O conhecimento é hoje francamente maior quer nas áreas artísticas,
tecnológicas e cientificas. As exigências regulamentares, de mercado, dos
seguros, …, impõem resposta sólidas e verificáveis. Muitas vezes
demonstráveis aprioristicamente por modelos ou maquetas. Os projectos, os
bons projectos, são hoje, obras de parceiros, multidisciplinares, focados
nessa missão.
A prática profissional mais cosmopolita já o
fazia. A lei vem agora reconhecer finalmente aquilo que nos escritórios já
há muito era a pratica de projecto.
O aumento da visibilidade e da qualidade da
nossa arquitectura e engenharia, que a todos nos deve orgulhar, e a prática
comum de trabalhos notáveis de grande arquitectura que só se conseguem com
grande engenharia, e vice-versa, como são bom exemplo boa parte da produção
mais recente de Siza Vieira, levou a um entendimento comum de que
arquitectos e engenheiros são pares na procura incessante de fazer melhor,
mais barato e mais duradouro.
A revogação desta lei será talvez a mais
transversal das medidas reclamadas por sucessivas direcções da Associação de
Arquitectos e da Ordem. Será por isso uma vitória colectiva, mas é justo
sublinhar o papel de Nuno Teotónio Pereira (o primeiro signatário da petição
pública), Olga Quintanilha, Helena Roseta e João Rodeia - os três
presidentes do CDN da Ordem dos Arquitectos. O movimento da petição pública
iniciado pela direcção de Helena Roseta, utilizando pela primeira vez esta
figura cívica de participação, aumentou a visibilidade do problema. Mostrou
aos decisores políticos que o problema não era dos arquitectos mas do Pais.
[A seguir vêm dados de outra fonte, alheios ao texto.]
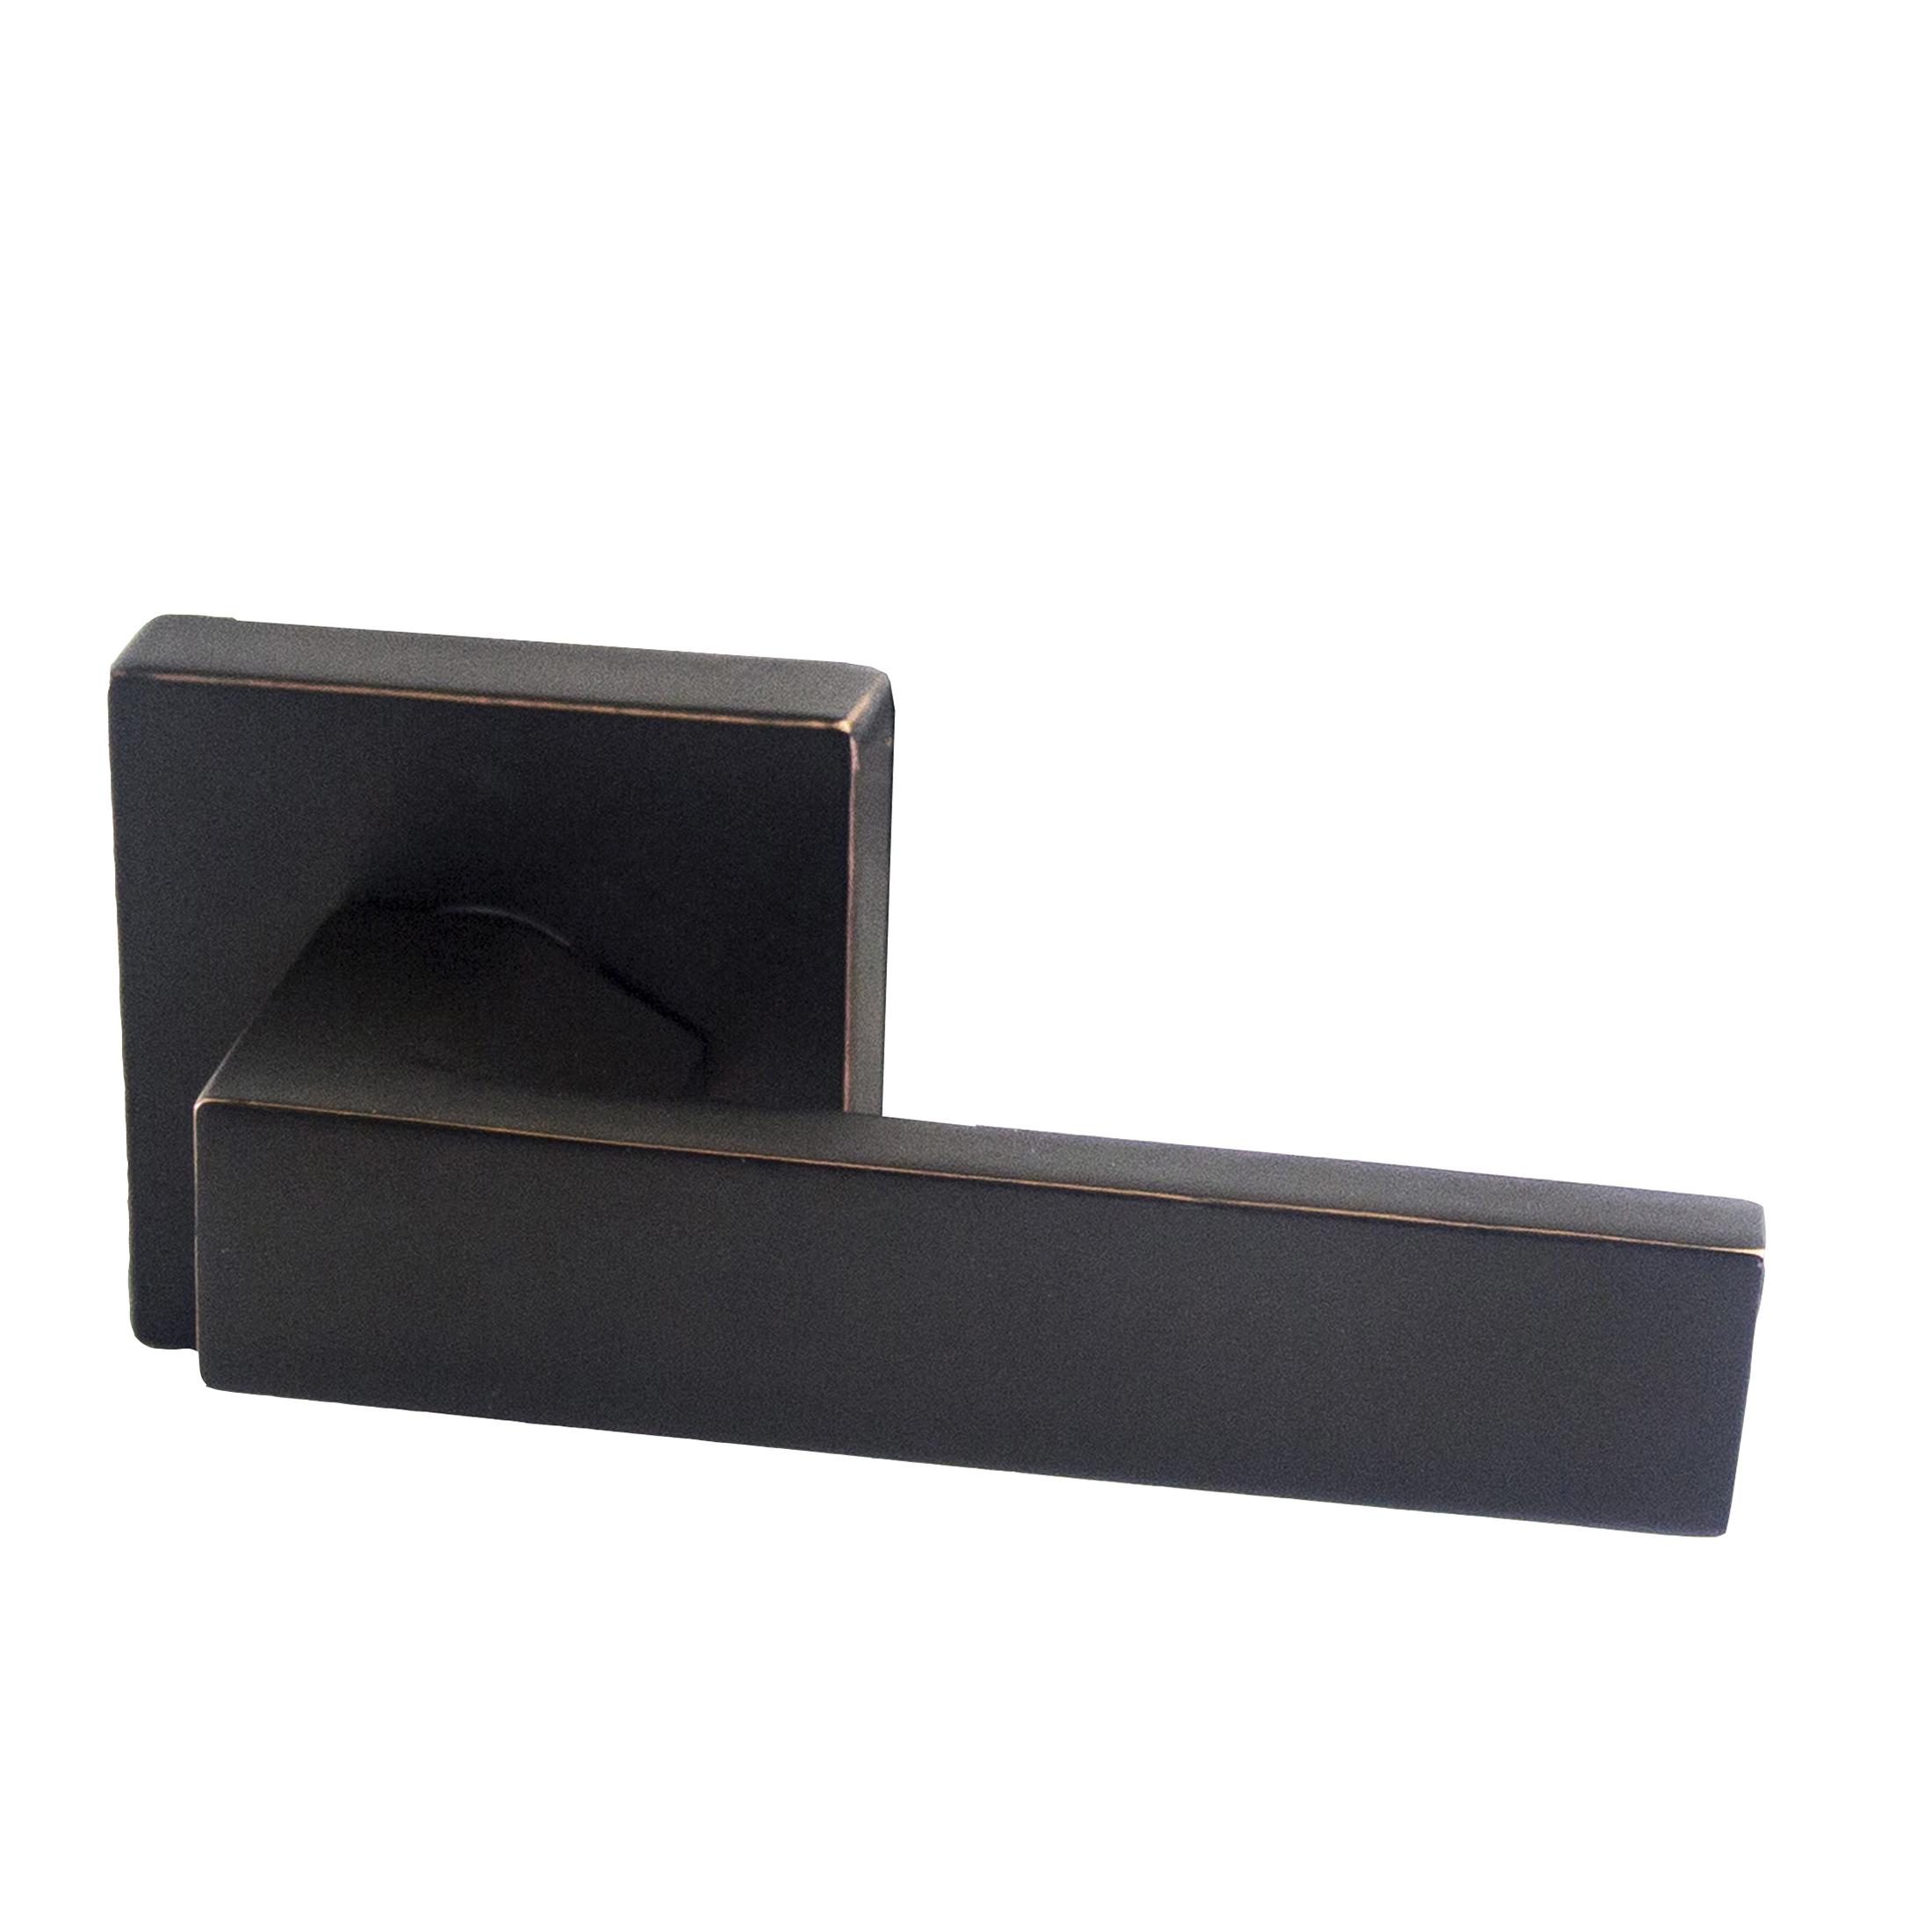 Design House 581041 Karsen Dummy Lever, Reversible for Left or Right Handed Doors, Oil Rubbed Bronze Finish

À direcção de João Rodeia cabe o mérito do trabalho de gabinete, de
negociação e de conciliação de posições com as demais ordens e com o governo.
A este governo cabe o mérito de ter resolvido um problema que nenhum outro,
desde o 25 de Abril, tinha resolvido. Ao cair do pano da legislatura, revoga
uma lei que há 36 anos era contestada e nomeia, pela primeira vez, uma
comissão de iniciativa governamental para propor a Politica Nacional de
Arquitectura. A terminar a legislatura, o primeiro-ministro que é, ele
próprio, autor de projectos menores, terá compreendido a mudança dos tempos
e a necessidade de exigência de qualificação dos projectistas. Alterando a
lei, subtrai a ele próprio essa capacidade. A partir de hoje o engº José
Socrates já não pode fazer projectos de arquitectura.